Acórdão nº 404/20 de Tribunal Constitucional (Port, 13 de Julho de 2020
Magistrado Responsável | Cons. Maria José Rangel de Mesquita |
Data da Resolução | 13 de Julho de 2020 |
Emissor | Tribunal Constitucional (Port |
ACÓRDÃO Nº 404/2020
Processo n.º 146/20
3.ª Secção
Relatora: Conselheira Maria José Rangel de Mesquita
Acordam, em conferência, na 3.ª Secção do Tribunal Constitucional
I – Relatório
1. Nos presentes autos, vindos do Tribunal da relação de Lisboa (TRL), em que é recorrente A. e são recorridos o Ministério Público e B., foi pelo primeiro interposto recurso de constitucionalidade (cfr. fls. 66 com verso), ao abrigo do disposto no artigo 70.º, n.º 1, alínea b), da Lei n.º 28/82, de 15 de novembro, na sua atual versão (Lei do Tribunal Constitucional adiante designada pela sigla LTC).
2. Na Decisão Sumária n.º 209/20 (cf. fls. 74-86), ao abrigo do disposto no n.º 1 do artigo 78.º-A da LTC, decidiu-se não conhecer do objeto do recurso, com os seguintes fundamentos (cf. II – Fundamentação, 4. e ss):
«II – Fundamentação
4. Mesmo tendo o recurso sido admitido por despacho do Tribunal a quo, com fundamento no n.º 1 do artigo 76.º da LTC, essa decisão não vincula o Tribunal Constitucional, conforme resulta do n.º 3 do mesmo preceito legal.
Segundo jurisprudência constante do Tribunal Constitucional, a admissibilidade do recurso apresentado nos termos da alínea b) do n.º 1 do artigo 70.º da LTC depende da verificação, cumulativa, dos seguintes requisitos: ter havido previamente lugar ao esgotamento dos recursos ordinários (artigo 70.º, n.º 2, da LTC), tratar-se de uma questão de inconstitucionalidade normativa, a questão de inconstitucionalidade normativa haver sido suscitada «durante o processo», «de modo processualmente adequado perante o tribunal que proferiu a decisão recorrida, em termos de este estar obrigado a dela conhecer» (artigo 72.º, n.º 2, da LTC) e a decisão recorrida ter feito aplicação, como sua ratio decidendi, das dimensões normativas arguidas de inconstitucionalidade pelo recorrente (vide, entre outros, os Acórdãos deste Tribunal n.ºs 638/98 e 710/04 – também disponíveis em www.tribunalconstitucional.pt).

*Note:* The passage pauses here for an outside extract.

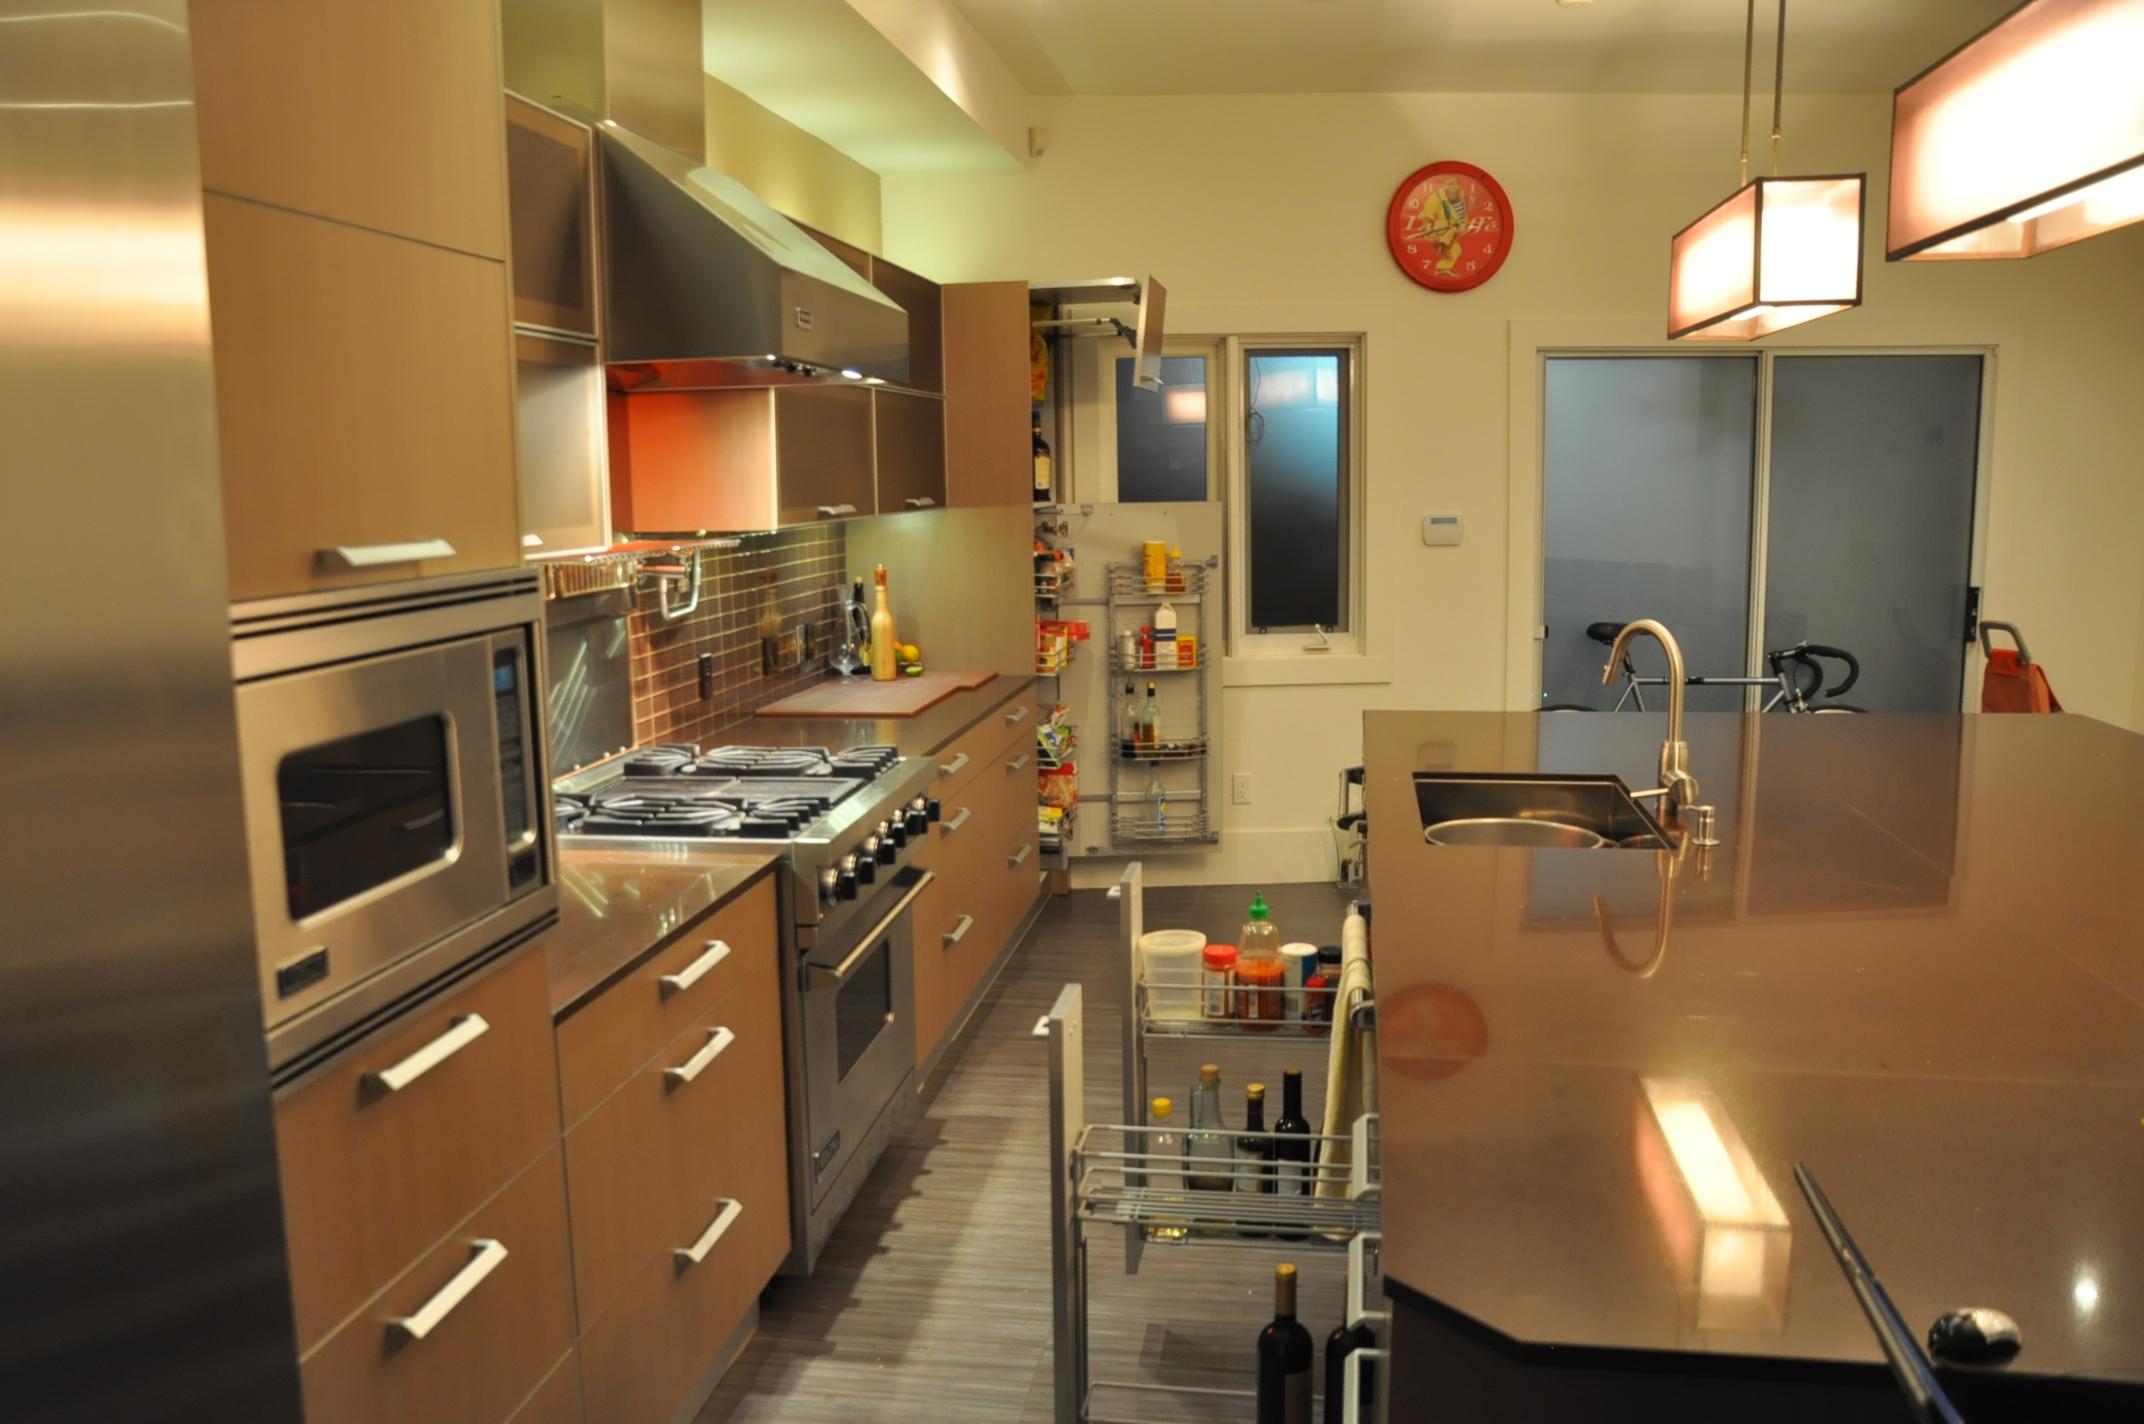 Kitchen 10 Pic 3.jpg

Faltando um destes requisitos, o Tribunal não pode conhecer do recurso.
5. Cabendo aos recorrentes delinear o objeto do recurso (norma ou interpretação normativa cuja constitucionalidade pretendem ver apreciada), a aferição do preenchimento dos requisitos de que depende a admissibilidade de recurso para o Tribunal Constitucional e, bem assim, a delimitação do objeto do recurso de fiscalização concreta da constitucionalidade devem ter por base o invocado no requerimento de interposição de recurso para o Tribunal Constitucional e reportar-se à decisão recorrida (ou decisões recorridas), tal como identificada(s) pelo recorrente no requerimento de interposição de recurso e que fixam o respetivo objeto.
6. Com relevância para o presente recurso, decorre dos autos o seguinte:
a) O ora recorrente, arguido no âmbito do Processo n.º 626/17.3T9MTJ, requereu a abertura de instrução, tendo, entre o mais, invocado a irregularidade da sua constituição como arguido e a nulidade do inquérito prevista no artigo 120.º, n.º 2, alínea d), do Código de Processo Penal (cf. fls. 24-31).
b) A esse propósito, assim se ponderou na Decisão Instrutória proferida em 27/11/2019 (fls. 32-43, cf. 5-Pressupostos Processuais, fls. 33-35):
O Tribunal é o competente e o assistente tem legitimidade para o exercício da acção penal.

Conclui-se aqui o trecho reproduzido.